- Your instructions -
What you return must be the data below, word for word, without any images.
======== Available data ========
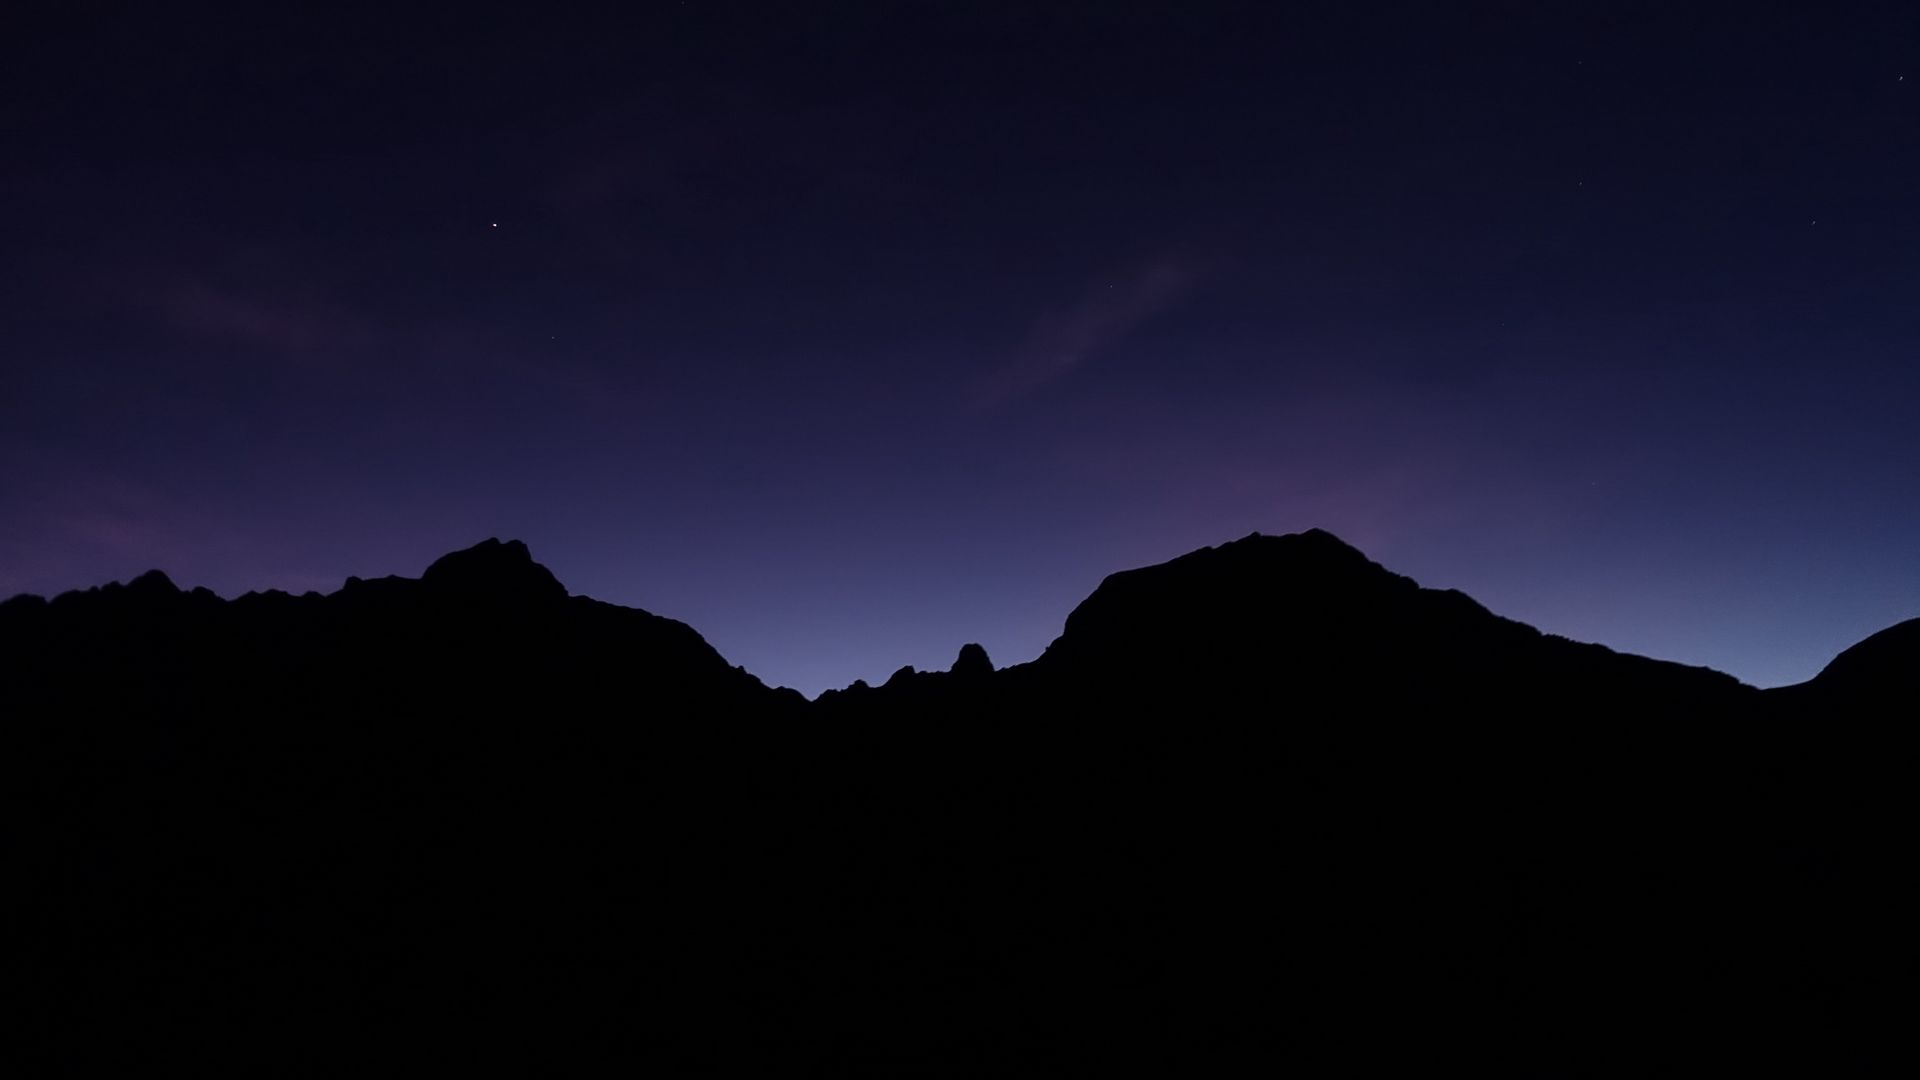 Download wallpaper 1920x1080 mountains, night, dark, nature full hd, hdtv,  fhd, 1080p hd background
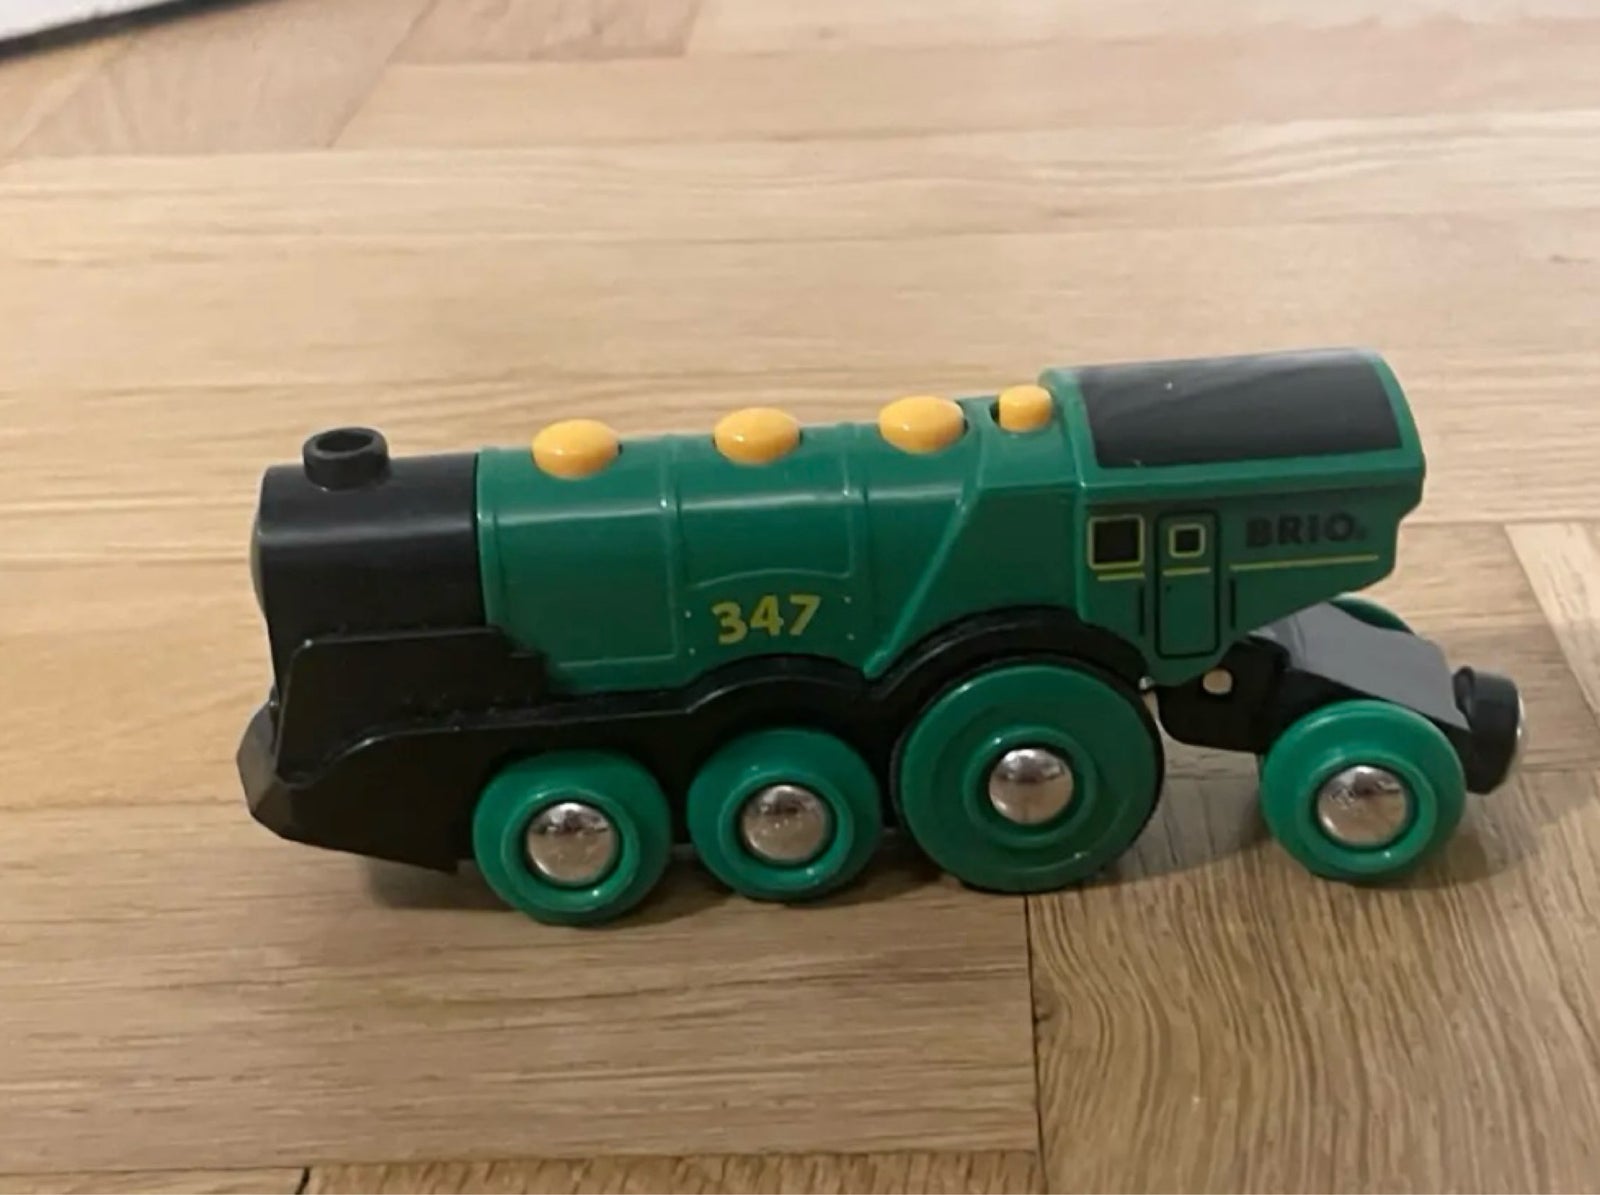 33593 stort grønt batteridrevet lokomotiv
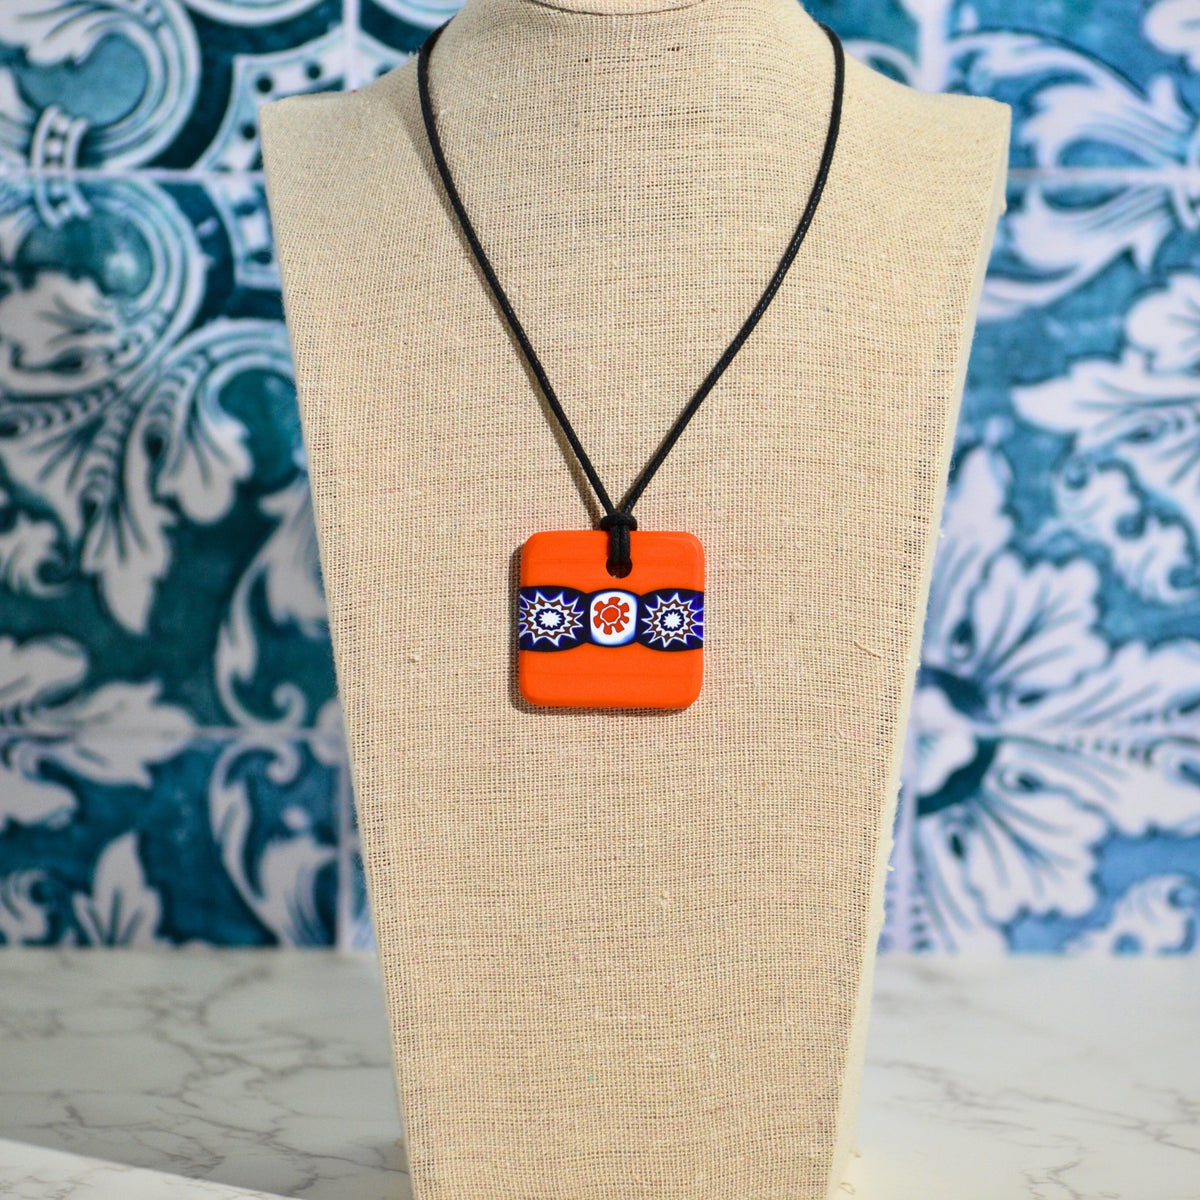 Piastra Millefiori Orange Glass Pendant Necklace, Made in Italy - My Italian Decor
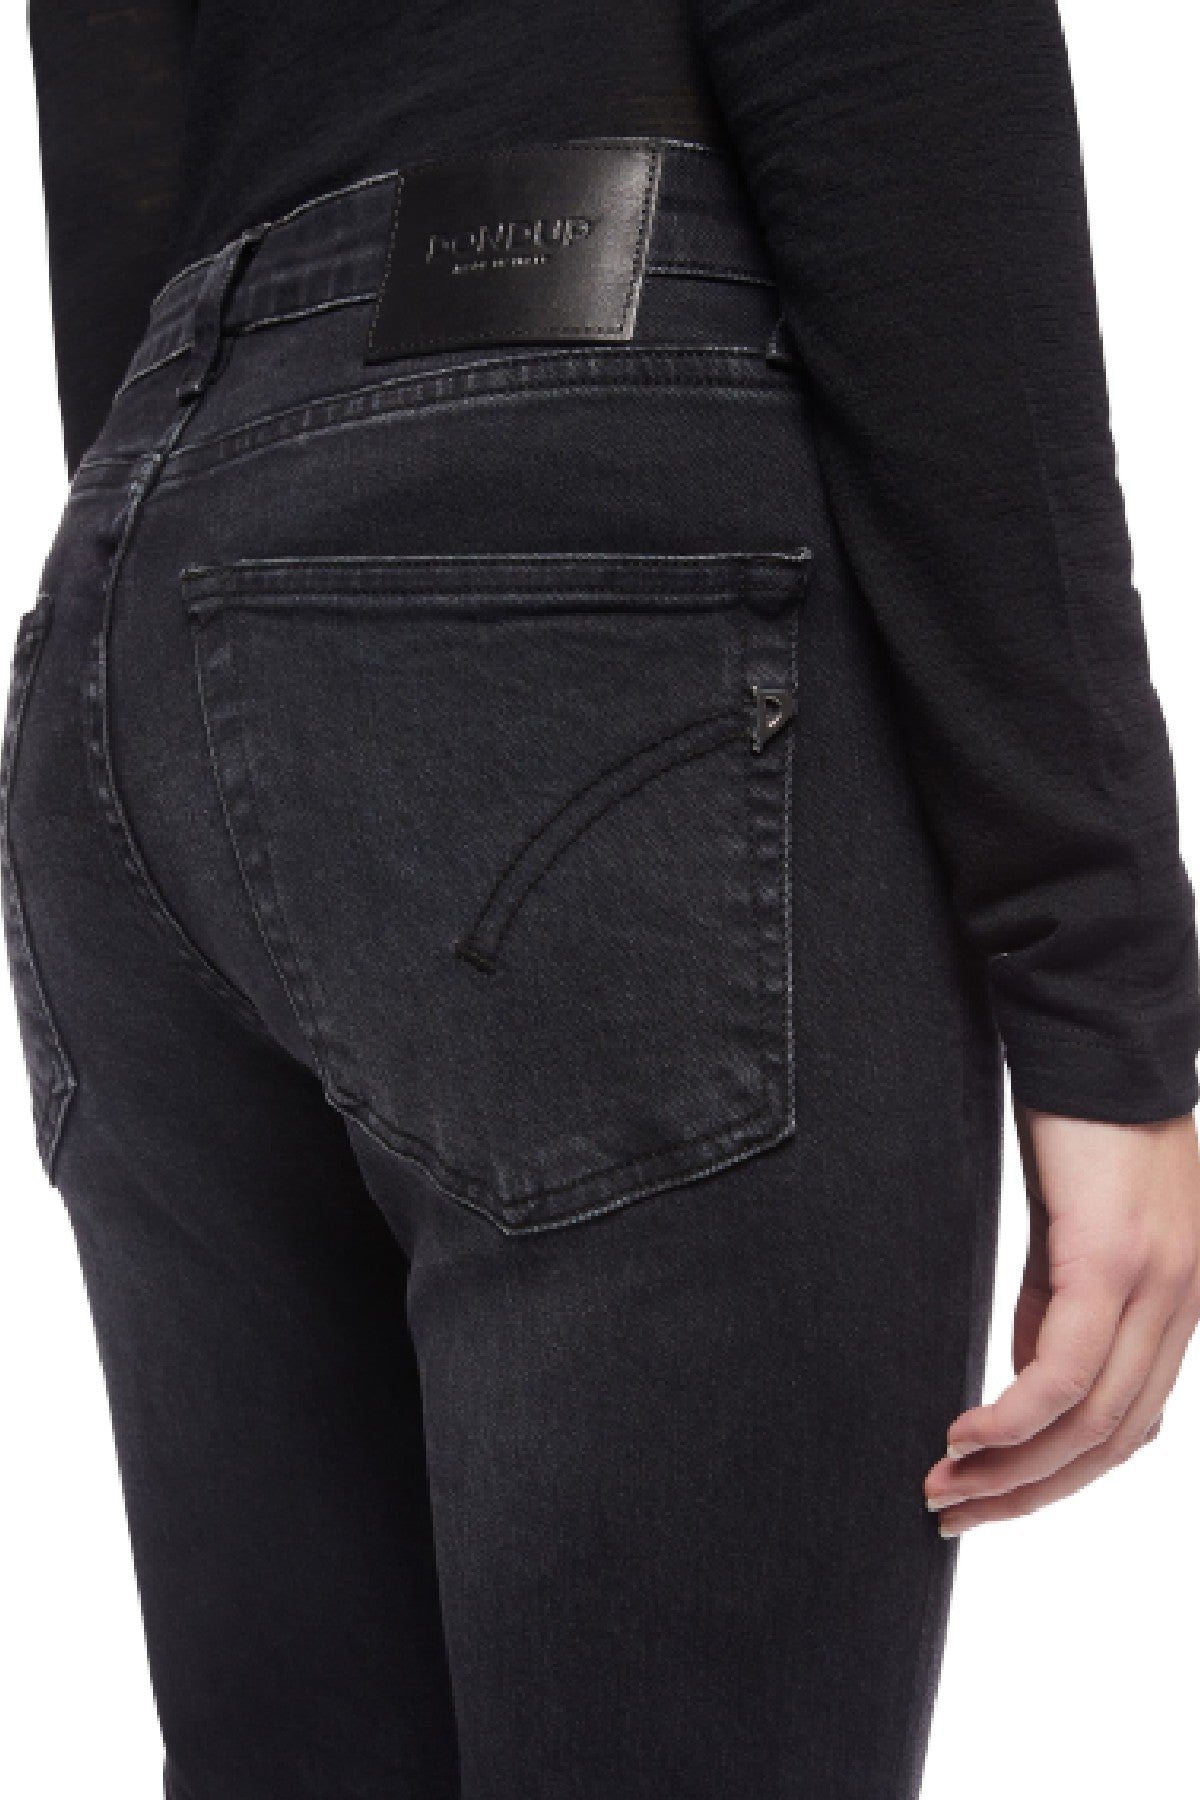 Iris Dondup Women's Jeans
========
- Task result -
 Download wallpaper 1920x1080 mountains, night, dark, nature full hd, hdtv,  fhd, 1080p hd background
 33593 stort grønt batteridrevet lokomotiv
 Piastra Millefiori Orange Glass Pendant Necklace, Made in Italy - My Italian Decor
 Iris Dondup Women's Jeans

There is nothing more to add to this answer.